Romance novelist Kennedy Ryan is taking her storytelling to a new stage. The award-winning author has signed a first-look deal with Universal Studio Group to develop a television adaptation of her bestselling novel Before I Let Go for Peacock, Kennedy Ryan’s Before I Let Go is coming to Peacock, bringing one of contemporary romance fiction’s most beloved stories to a mainstream streaming audience.
The novel, published in November 2022, centers on Yasmen and Josiah Wade, a divorced couple trying to rebuild their lives after an unimaginable loss the stillbirth of their child. Now co-parenting and running a business together, the two must navigate the emotional wreckage of their past while quietly rediscovering each other. It is a story rooted in grief, resilience and the enduring pull of love, and it earned Ryan a devoted readership that has long hoped to see it translated to screen.

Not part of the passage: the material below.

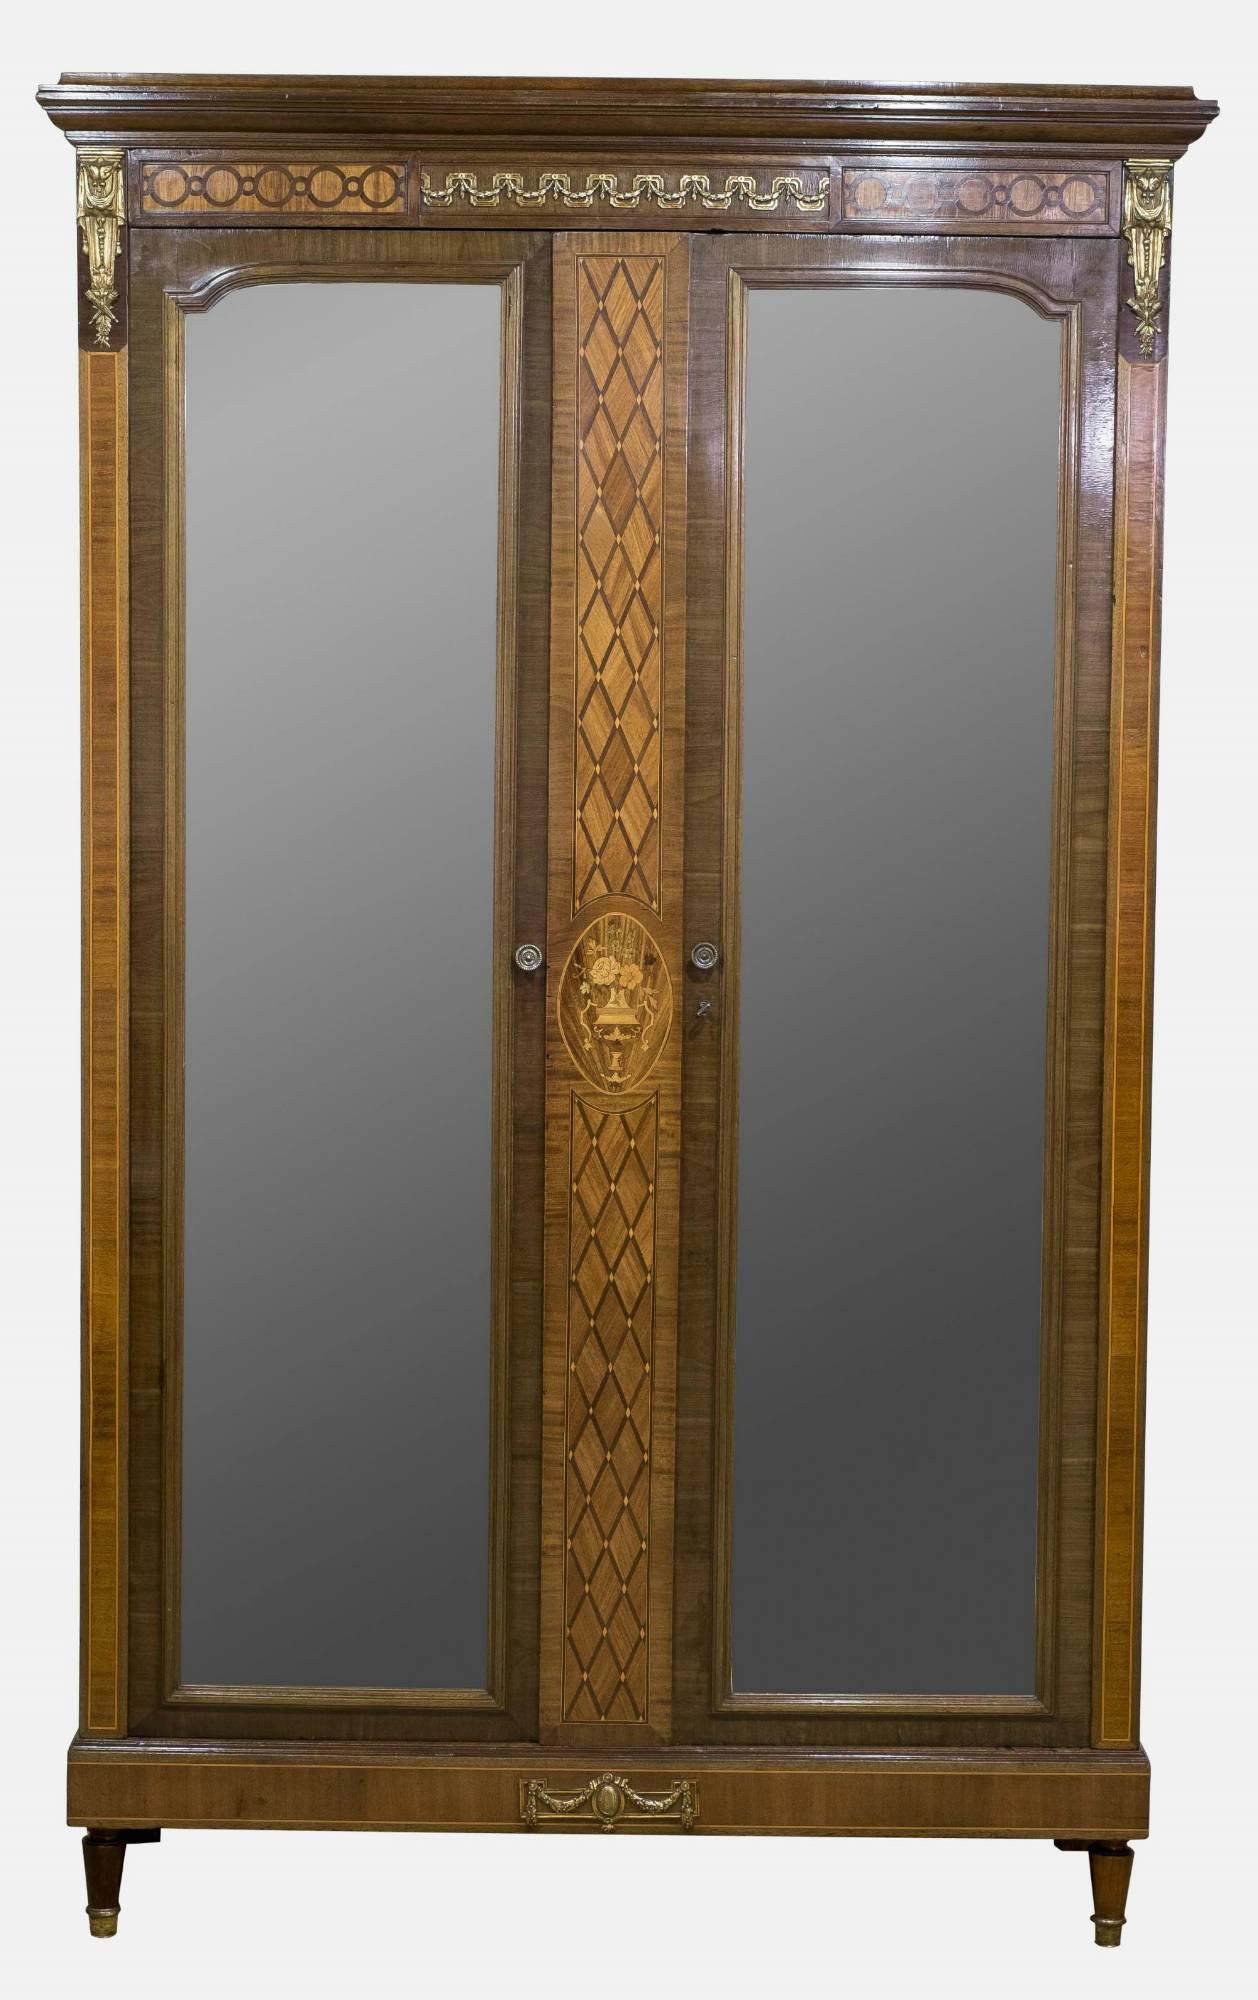 A fine French mahogany and kingwood two-door armoire with boxwood inlay and ormolu mounts.
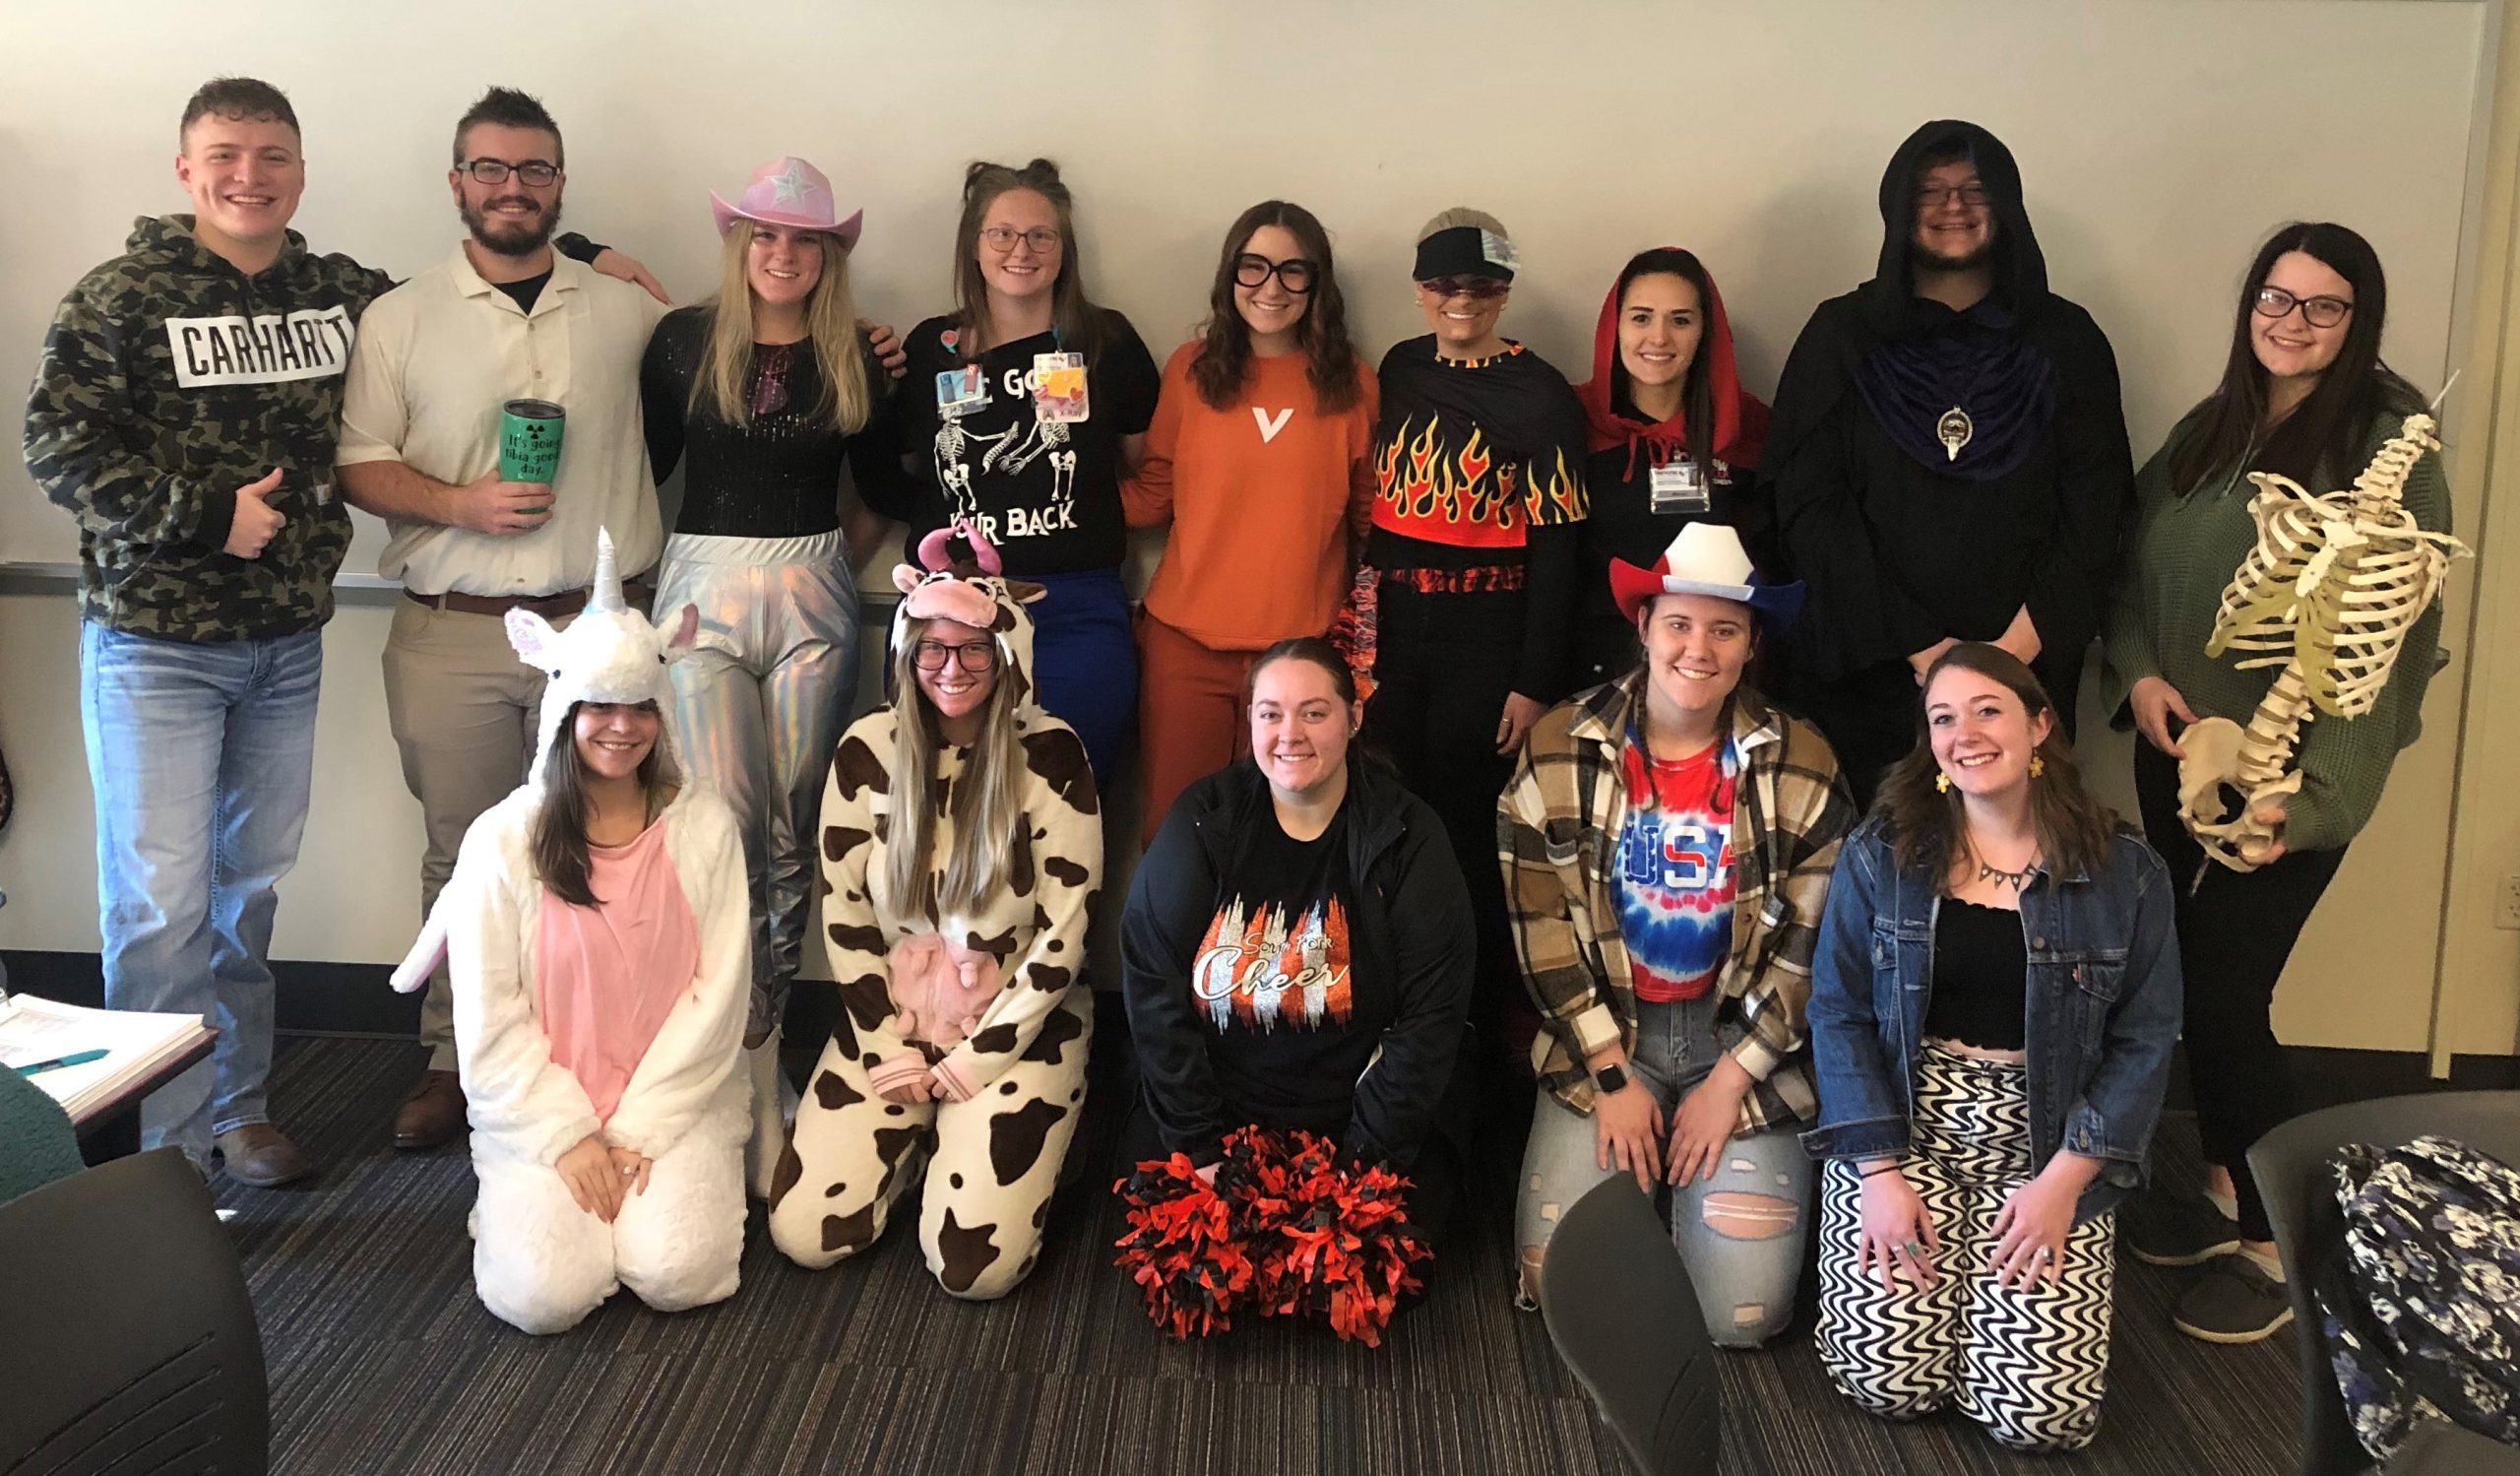 Radiography students in Halloween costumes

A director and producers who understand the vision
The bestselling romance author has signed a first-look deal with Universal Studio Group to bring her novel Before I Let Go to Peacock, with Malcolm D. Lee and John Legend on board. The series will be directed and executive produced by Malcolm D. Lee, the filmmaker behind The Best Man and Girls Trip, two projects that became cultural touchstones for Black audiences. Lee brings his production company, Blackmailed Productions, to the project, and his track record of centering authentic Black stories with warmth and emotional honesty makes him a natural fit for the material.
Joining Lee as executive producers are John Legend, the musician and the first Black man to achieve EGOT status, and Debra Martin Chase, a producer with a long history of shepherding stories by and about Black women to the screen, including Just Wright and Sparkle. The combination of these three collaborators signals that the series is in hands that understand both the cultural weight of the source material and the audience it speaks to.
Why this deal matters for representation
Ryan, who is also a philanthropist and autism advocate and co-founder of Lift 4 Autism, has built her literary career around narratives that reflect the full emotional range of Black life joy, heartbreak, healing and everything in between. Her partnership with Universal Studio Group goes beyond a single adaptation. Through the first-look deal, she will also work to bring other authors’ works from the page to the screen, expanding the pipeline for underrepresented voices in television.
Jordan Moblo, USG’s executive vice president of creative acquisitions and IP management, noted the cultural significance of Ryan’s catalog and the shared ambition to translate it for audiences in ways that honor the original work.
What comes next for Kennedy Ryan
As production on Before I Let Go moves forward, Ryan is also preparing for another literary release. Her upcoming novel Score, set to arrive May 19, 2026, follows former college sweethearts who are thrown back together when they find themselves collaborating on a career-defining project. It is the kind of slow-burn, emotionally layered story her readers have come to expect.
The broader moment Ryan is stepping into feels significant. Streaming audiences have demonstrated a clear appetite for romance stories that center Black love with depth and specificity, not as a backdrop but as the entire point. Projects like Netflix’s Forever have shown what is possible when those stories are given real resources and creative support.
Ryan’s transition from novelist to television producer and adapter reflects both her ambition and the growing recognition from studios that her audience is large, loyal and hungry for more. With Before I Let Go, Peacock is getting a story that is not simply about romance, but about what it takes to hold onto love and each other after loss has reshaped everything.